Positive Psychology Group & Whole Class Work
The psychological service was keen to pilot the use of positive psychology group and whole class work with children and young people. We created our own positive psychology pack, designed for use by teachers, which includes lesson planners on:
- Optimistic thinking
- Discovering my strengths
The lesson plans are based around the research in each area and recognised good practice. Each lesson starts with information on the topic area, how it links directly to the curriculum, introductory information for children and young people, learning intentions and success criteria, activities, and worksheets. Each pupil receives their own positive psychology workbook.
Each lesson has identified experiences and outcomes for children and young people which align with the Curriculum for Excellence, the national curriculum for Scottish learners. The lessons can be delivered from primary six (year 6 in England) to secondary third year (Yr 10 in England) pupils. Our staff modelled and coached teachers and school support staff in the approach by co-delivering the sessions with class teachers. The effectiveness of the program is measured by wellbeing and life satisfaction scales, before and after the session block. The results highlighted an increase in both areas, in most children that undertook the sessions.
Sample activities to download:
Primary to Secondary School Transitions and Positive Psychology
We know that moving school is a major life event for children (Zeedyk et al., 2003) and can involve multiple transitions in children’s lives (Jindal-Snape et al., 2021). The transition between schools often involves new social, practical, and academic demands that many pupils can find challenging (Hopwood et al., 2016). Transitioning between schools is not just about starting at a new school, but also about the wider changes in a young person’s life including those that happen at key developmental stages. The primary to secondary transition coincides with a significant period of developmental change for young people i.e., puberty. Therefore, children and young people can be simultaneously undergoing changes in their physical and emotional development. Research evidence in the past 35 years has identified that children’s achievements can slow or even decline during transitions between schools (Hopwood et al., 2016).

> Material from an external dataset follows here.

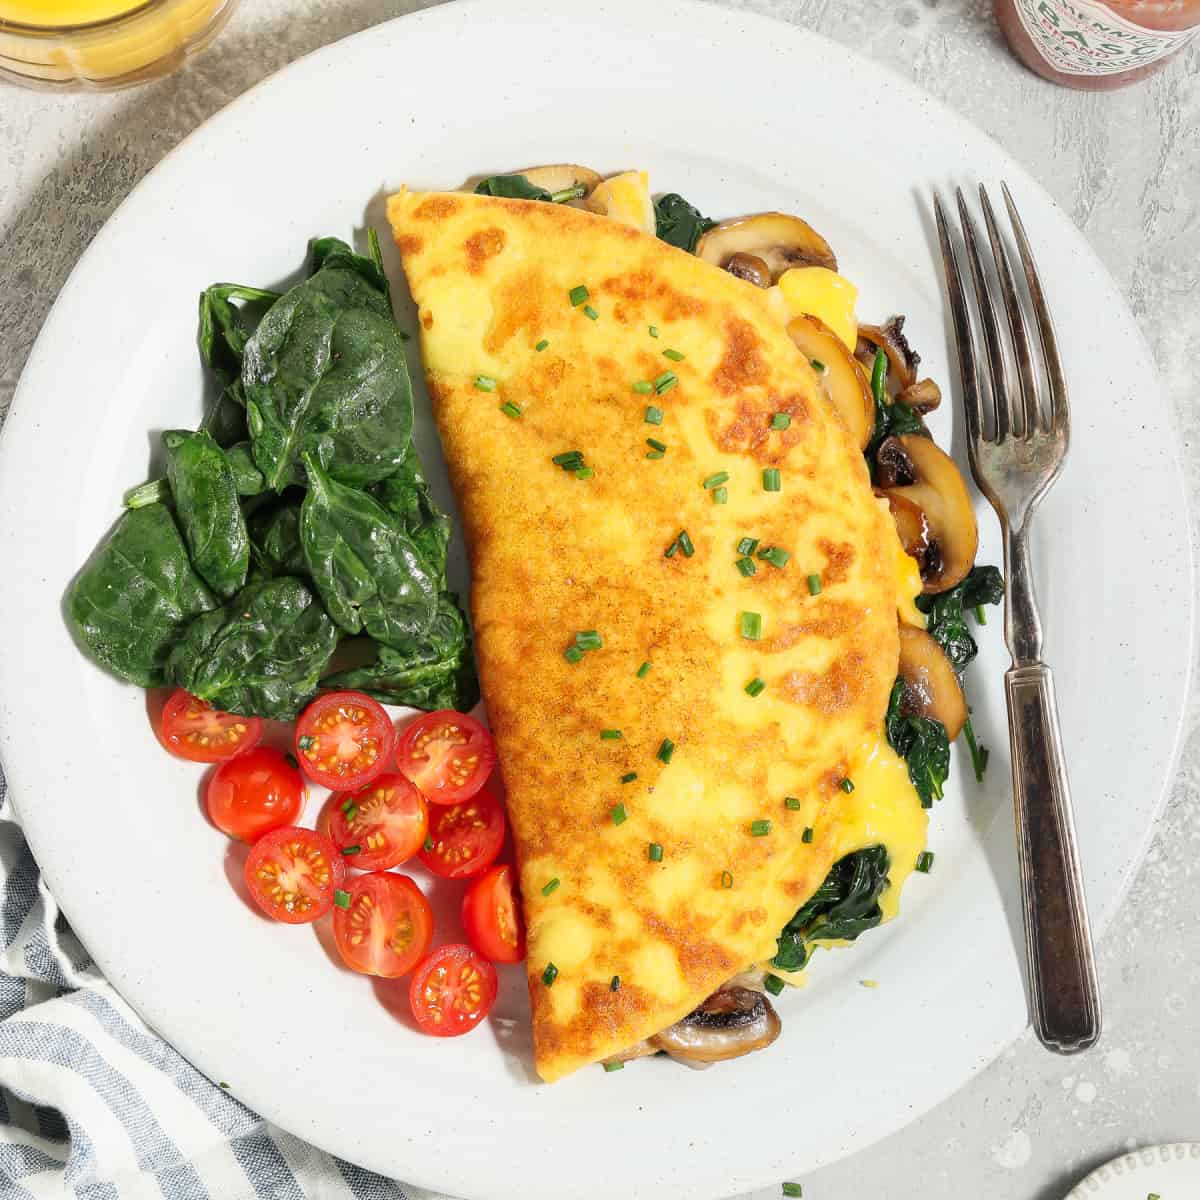 https://veganhuggs.com/wp-content/uploads/2021/09/just-egg-omelette-square-crop.jpg
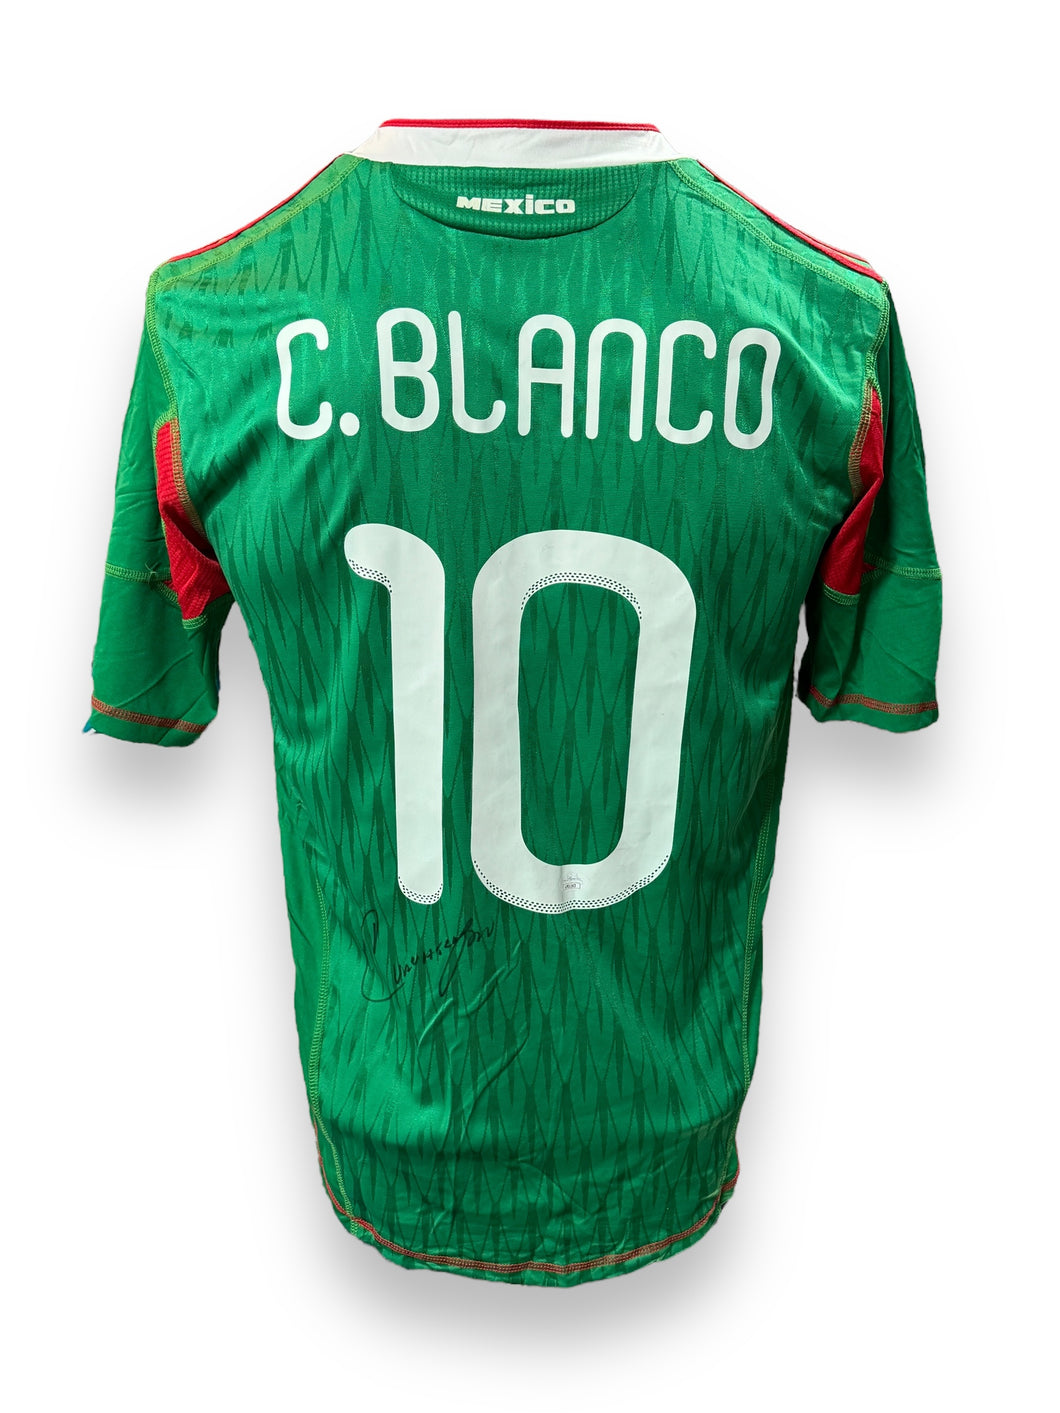 Jersey / Selección Mexicana (Mundial 2010) / Cuauhtémoc Blanco

Within our own local authority research, undertaken by the service, indicated a reduction in attainment, wellbeing, and school connectedness of children across the primary to secondary school transition. As an early intervention and prevention approach it was decided to offer the positive psychology groupwork to all children within the local authority transitioning from primary school to secondary school. The idea was to build resources in children and young people at a key point in their lives. It was hoped that the resources would help them to manage the transition effectively.

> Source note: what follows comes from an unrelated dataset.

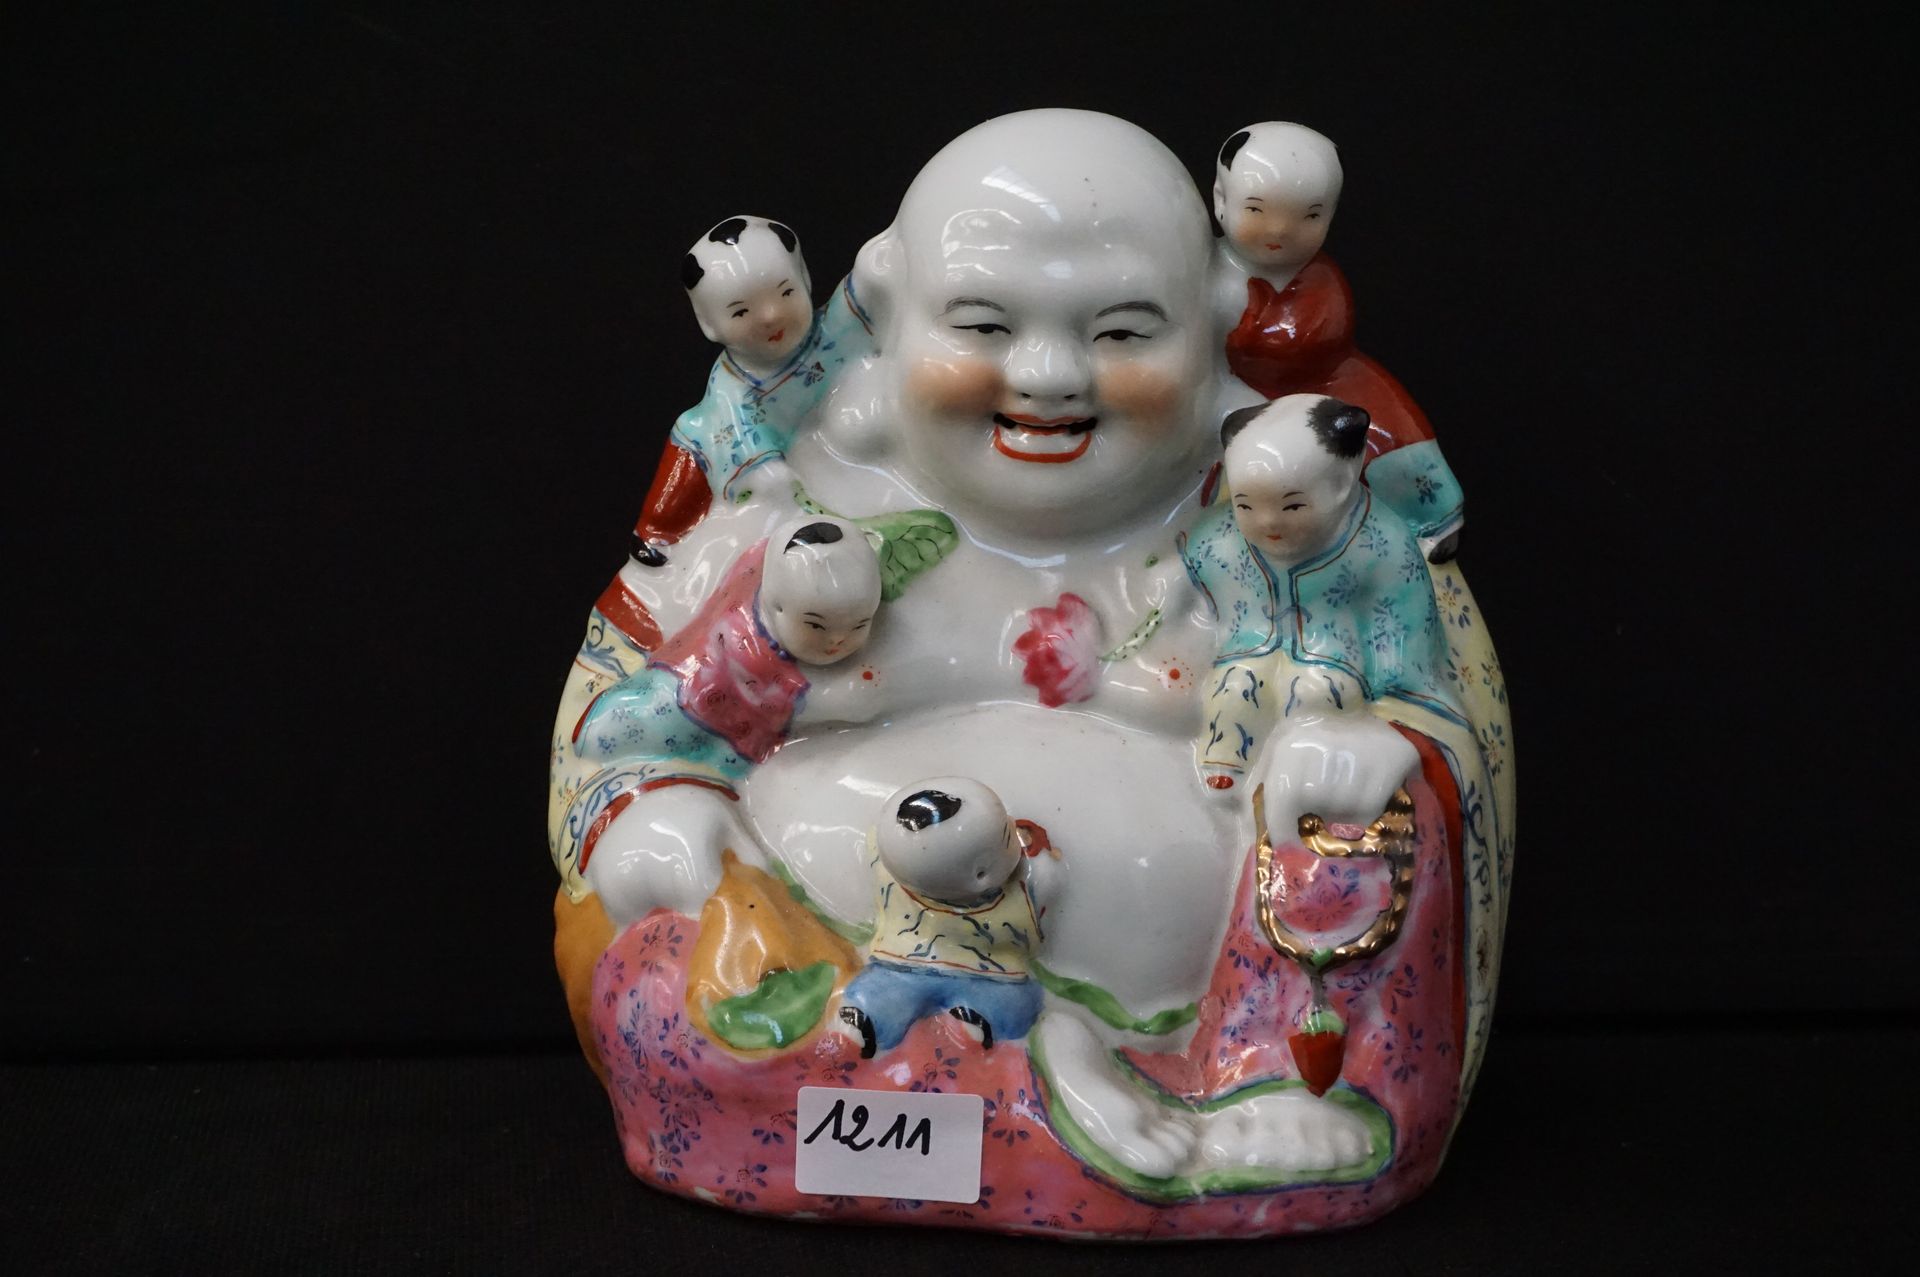 Null Escultura de porcelana china - "Bouddha con niños" - H: 25 cm

Both the outcome data and the feedback from the sessions have been exceptionally positive. Teachers and pupils indicated that they believe the program is an effective tool to build ‘transition resources’ in pupils. Further research is needed to understand if the positive changes are sustained across the transition period, with the start of secondary school beginning after a long summer holiday. This would be an area of future development. Notwithstanding that, each pupil does have their own workbook to refer to, should they wish.
Staff within the service have found the co-delivery of the program an enjoyable activity that allows them to build relationships with the children, young people, and teachers. It has been shown to impact positively on children and young people’s wellbeing and life satisfaction. At the end of the program, teachers are also confident in the delivery of the intervention going forward, allowing the service to extend the reach to larger numbers of children.
✓ What elements of positive psychology can you see already within your practice or fitting in your practice when working with children and young people?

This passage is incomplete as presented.